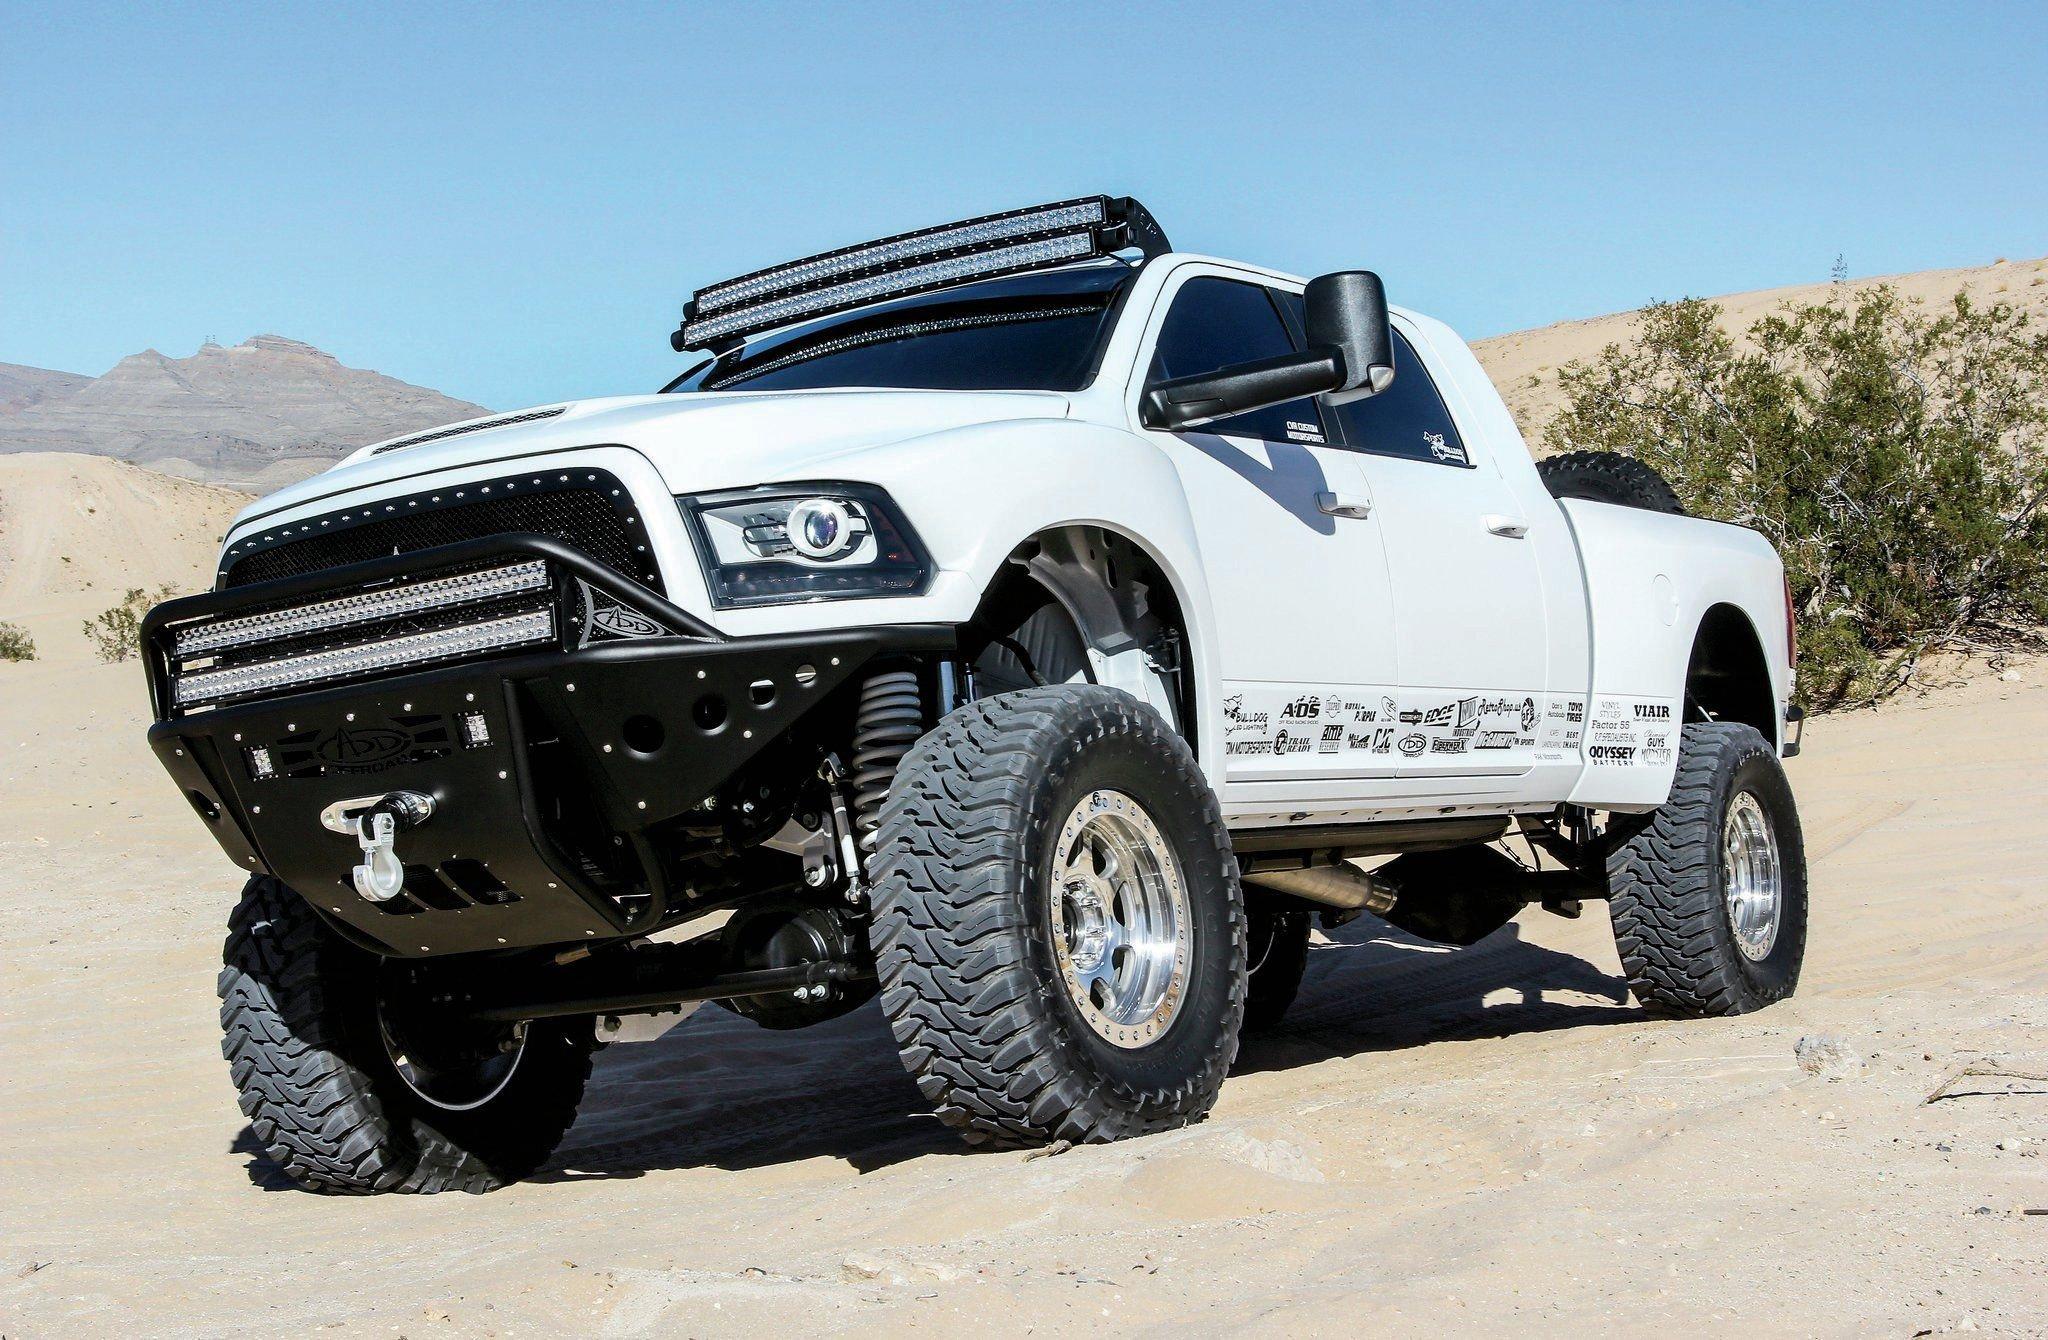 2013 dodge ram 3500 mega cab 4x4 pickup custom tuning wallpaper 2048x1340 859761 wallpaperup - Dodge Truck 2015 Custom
§
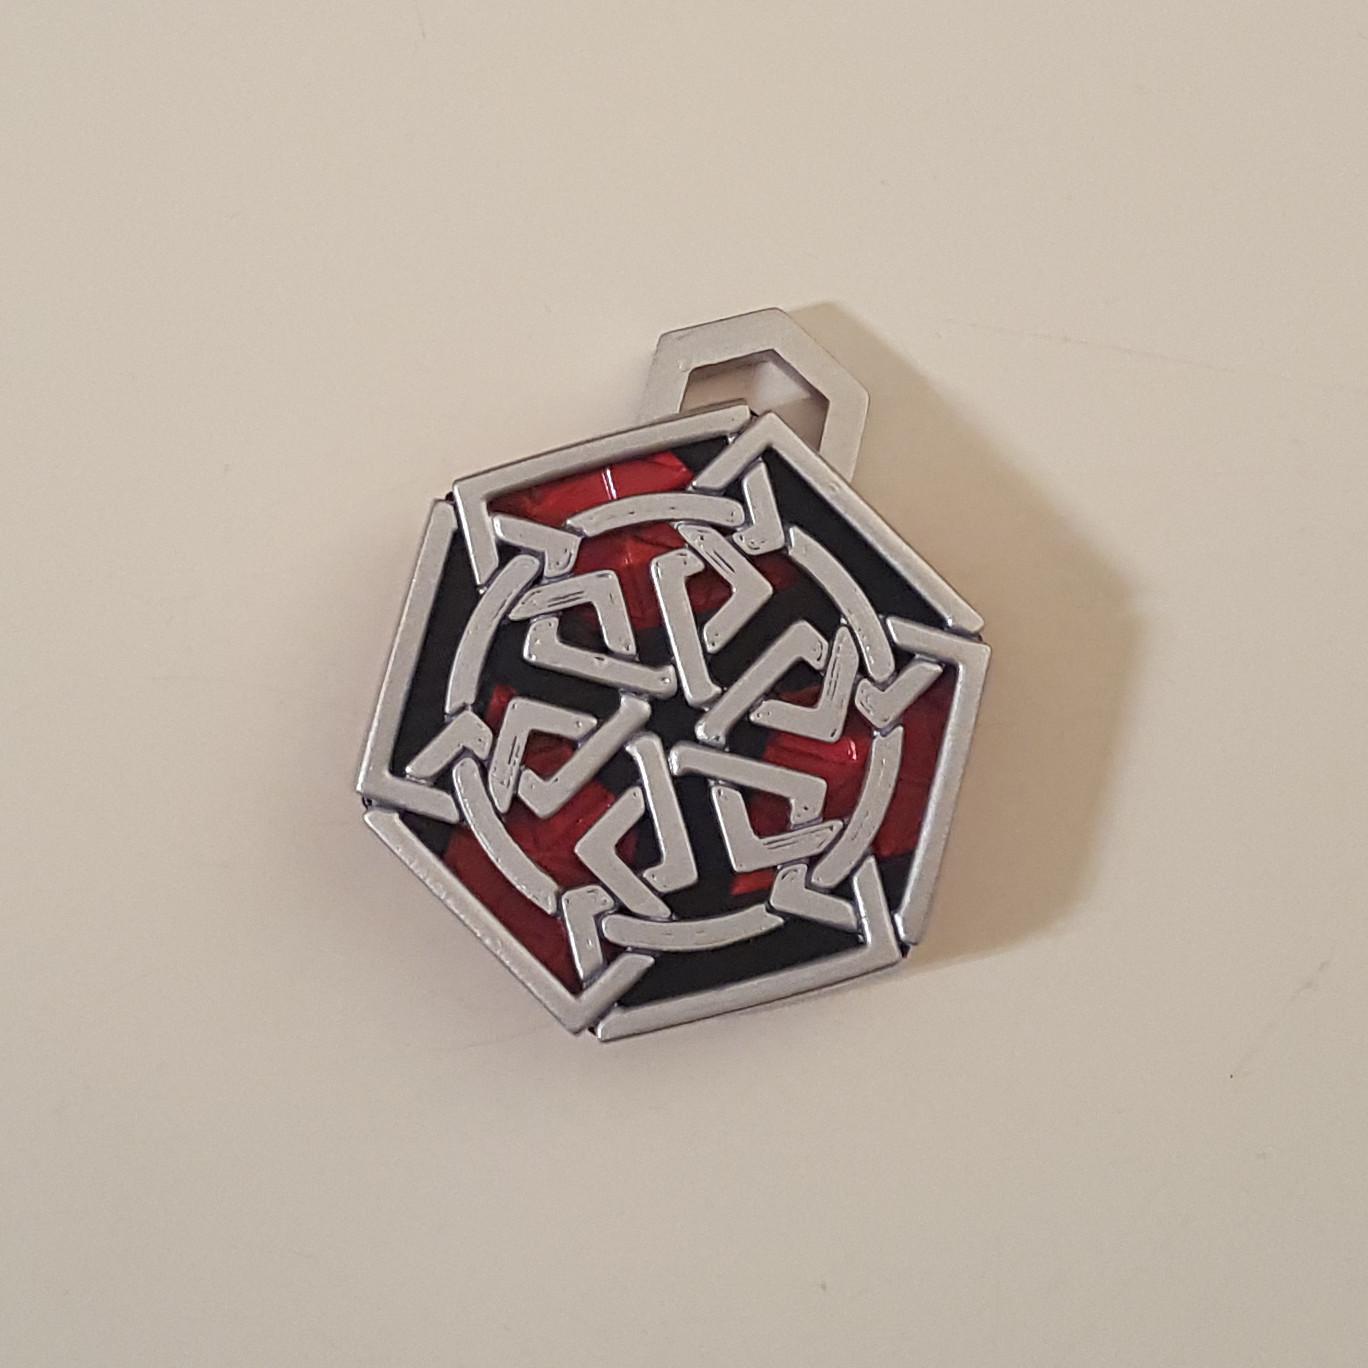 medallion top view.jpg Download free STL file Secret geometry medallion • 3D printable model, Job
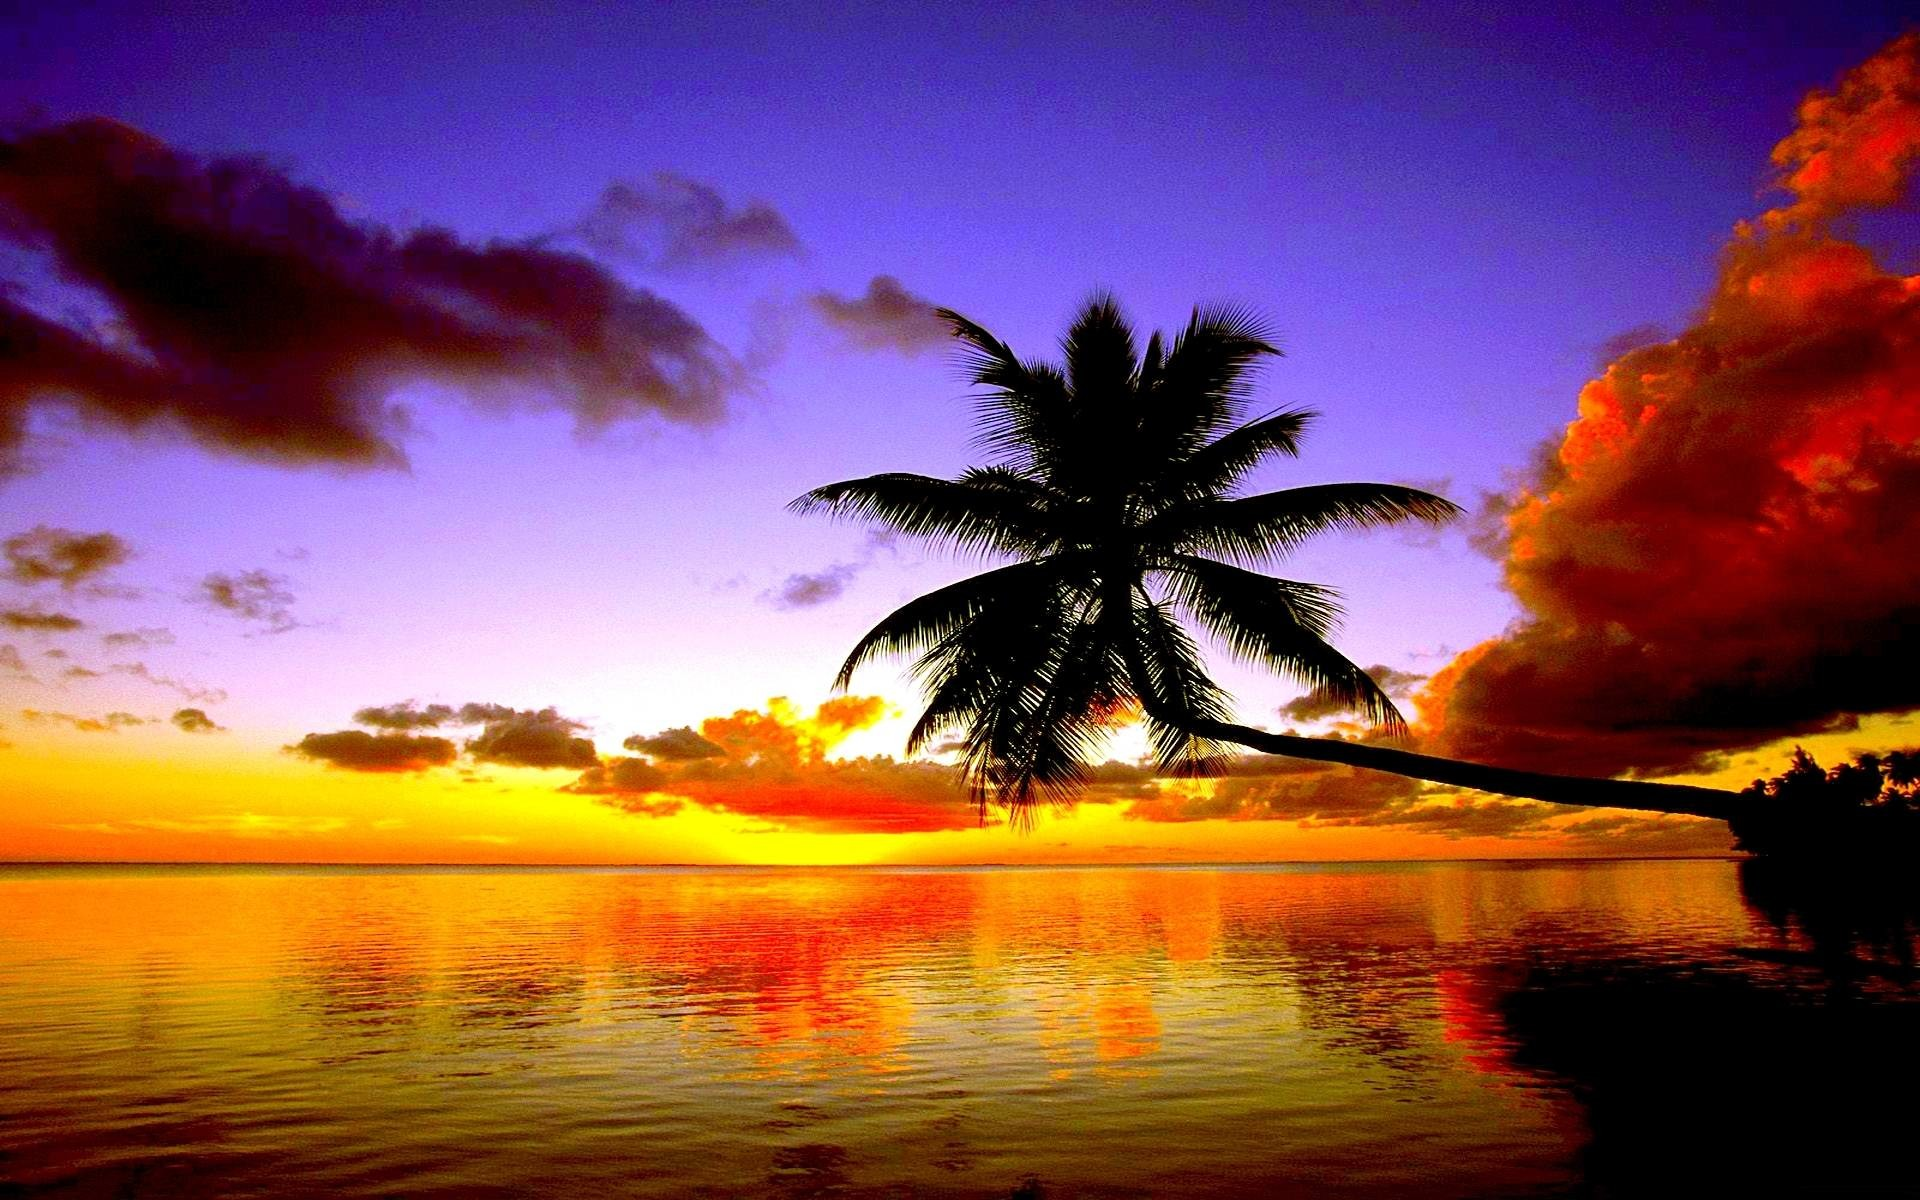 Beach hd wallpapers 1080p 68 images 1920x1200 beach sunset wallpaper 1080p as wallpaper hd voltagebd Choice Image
§
**Instructions to follow:** Write out word for word the lines above that run from the one with "medallion top view.jpg" to the one with "Beach hd wallpapers". Include both end lines; exclude the images.

**Your solution:**
 medallion top view.jpg Download free STL file Secret geometry medallion • 3D printable model, Job
 Beach hd wallpapers 1080p 68 images 1920x1200 beach sunset wallpaper 1080p as wallpaper hd voltagebd Choice Image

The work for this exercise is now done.